La Chine exécute quatre membres supplémentaires d’un réseau basé en Birmanie dans sa lutte contre les escroqueries
La Chine exécute quatre membres supplémentaires d’un réseau basé en Birmanie dans sa lutte contre les escroqueries

La Chine a annoncé l’exécution de quatre personnes reconnues coupables d’avoir provoqué la mort de six ressortissants chinois et d’avoir dirigé, depuis la Birmanie, des opérations d’escroquerie et de jeux d’argent illégaux d’une valeur estimée à plus de 4 milliards de dollars.
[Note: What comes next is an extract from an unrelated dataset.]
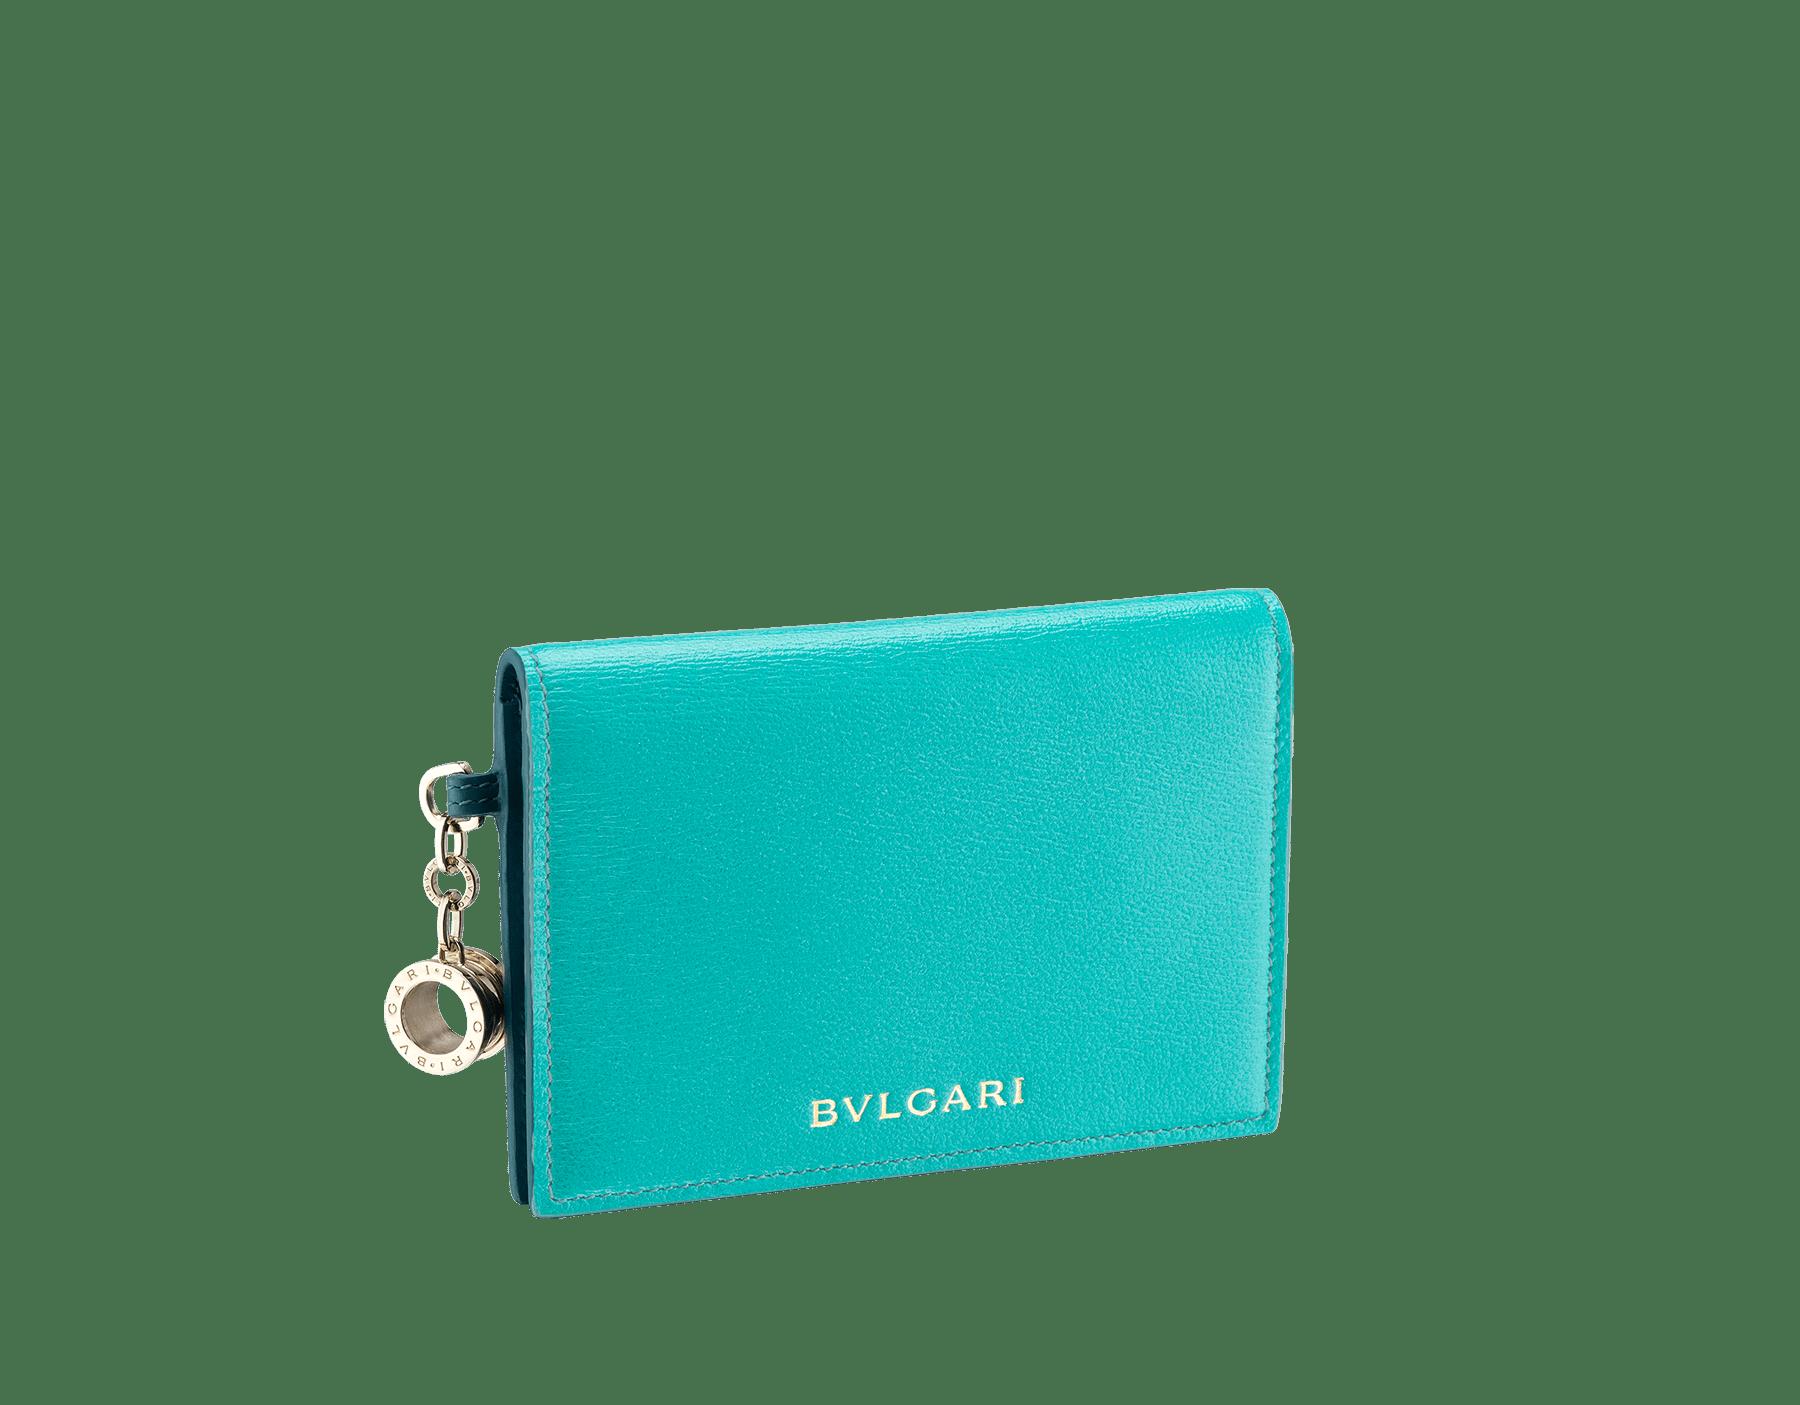 B.Zero1 熱帶綠松石色和深綠玉色羊皮折式信用卡夾。經典 B.Zero1 淡金色黃銅吊飾。 288238 image 1

L’annonce a été faite lundi par le tribunal intermédiaire de Shenzhen, dans le sud du pays, sans préciser la date exacte des mises à mort.
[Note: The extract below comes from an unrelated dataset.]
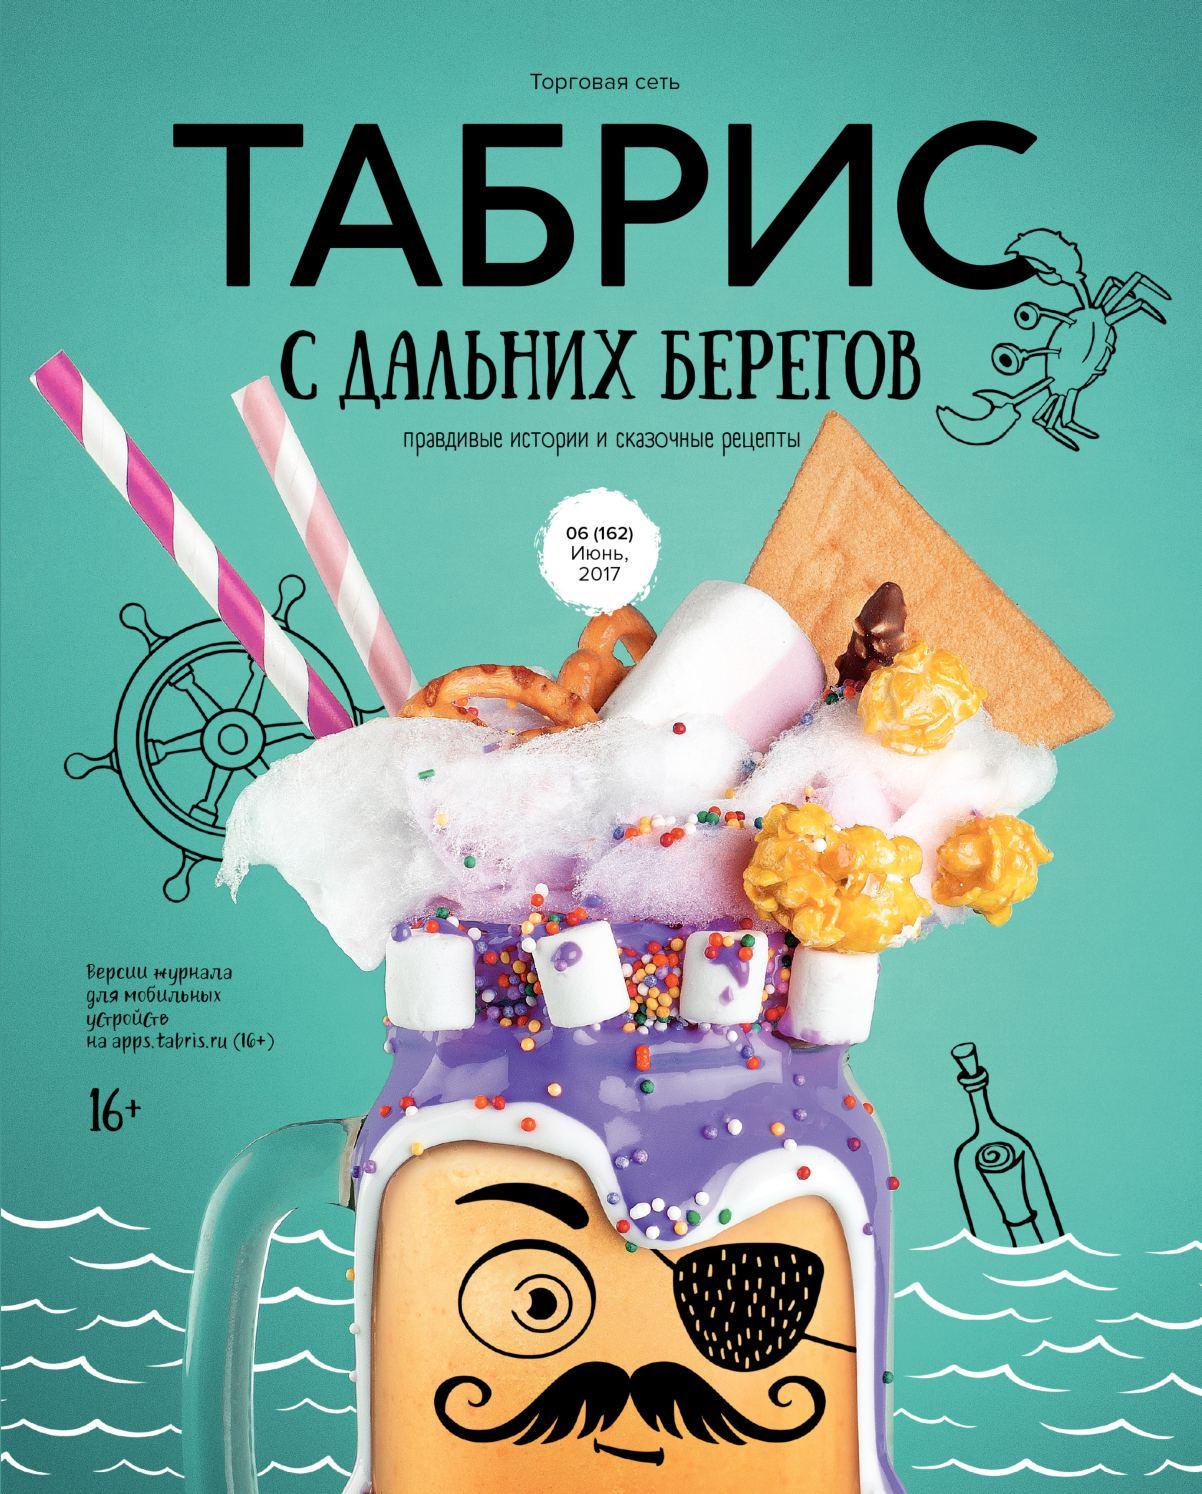 Табрис №162 (Июнь 2017)

Ces condamnations s’inscrivent dans une vaste campagne de répression menée par Pékin contre les réseaux criminels opérant en Asie du Sud-Est. La semaine précédente, les autorités chinoises avaient déjà annoncé l’exécution de 11 autres personnes impliquées dans la gestion de centres d’arnaques basés en Birmanie. En novembre, cinq accusés, dont des membres de la famille Bai, considérée comme centrale dans ce système, avaient été condamnés à mort par la justice chinoise.

Selon le tribunal, le groupe avait mis en place des parcs industriels dans la région de Kokang, à la frontière sino-birmane, servant de base à des activités de jeux d’argent et d’escroqueries télécoms. Ces opérations auraient impliqué des enlèvements, de l’extorsion, de la prostitution forcée ainsi que la fabrication et le trafic de stupéfiants.

Les autorités estiment que les victimes ont été dépouillées de plus de 29 milliards de yuans, soit environ 4,2 milliards de dollars, et que ces activités ont directement causé la mort de six citoyens chinois, ainsi que des blessures à plusieurs autres. Le tribunal a qualifié les faits d’« exceptionnellement odieux », évoquant des conséquences particulièrement graves et une menace majeure pour la société.

Les condamnés avaient initialement fait appel de leur verdict, mais leurs recours ont été rejetés par la cour populaire supérieure de la province du Guangdong. Le chef présumé du groupe, Bai Suocheng, est quant à lui décédé de maladie après sa condamnation, a précisé la juridiction.

Cette série d’exécutions illustre la détermination des autorités chinoises à éradiquer les centres d’escroquerie numériques qui se sont développés à grande échelle en Birmanie, au Cambodge et au Laos. Ces réseaux, qui emploient à la fois des personnes recrutées volontairement et des victimes de traite, ciblent des victimes dans le monde entier, notamment en Chine. Pékin, aux côtés d’autres pays, exerce une pression croissante sur les gouvernements de la région pour qu’ils mettent un terme à cette criminalité transnationale.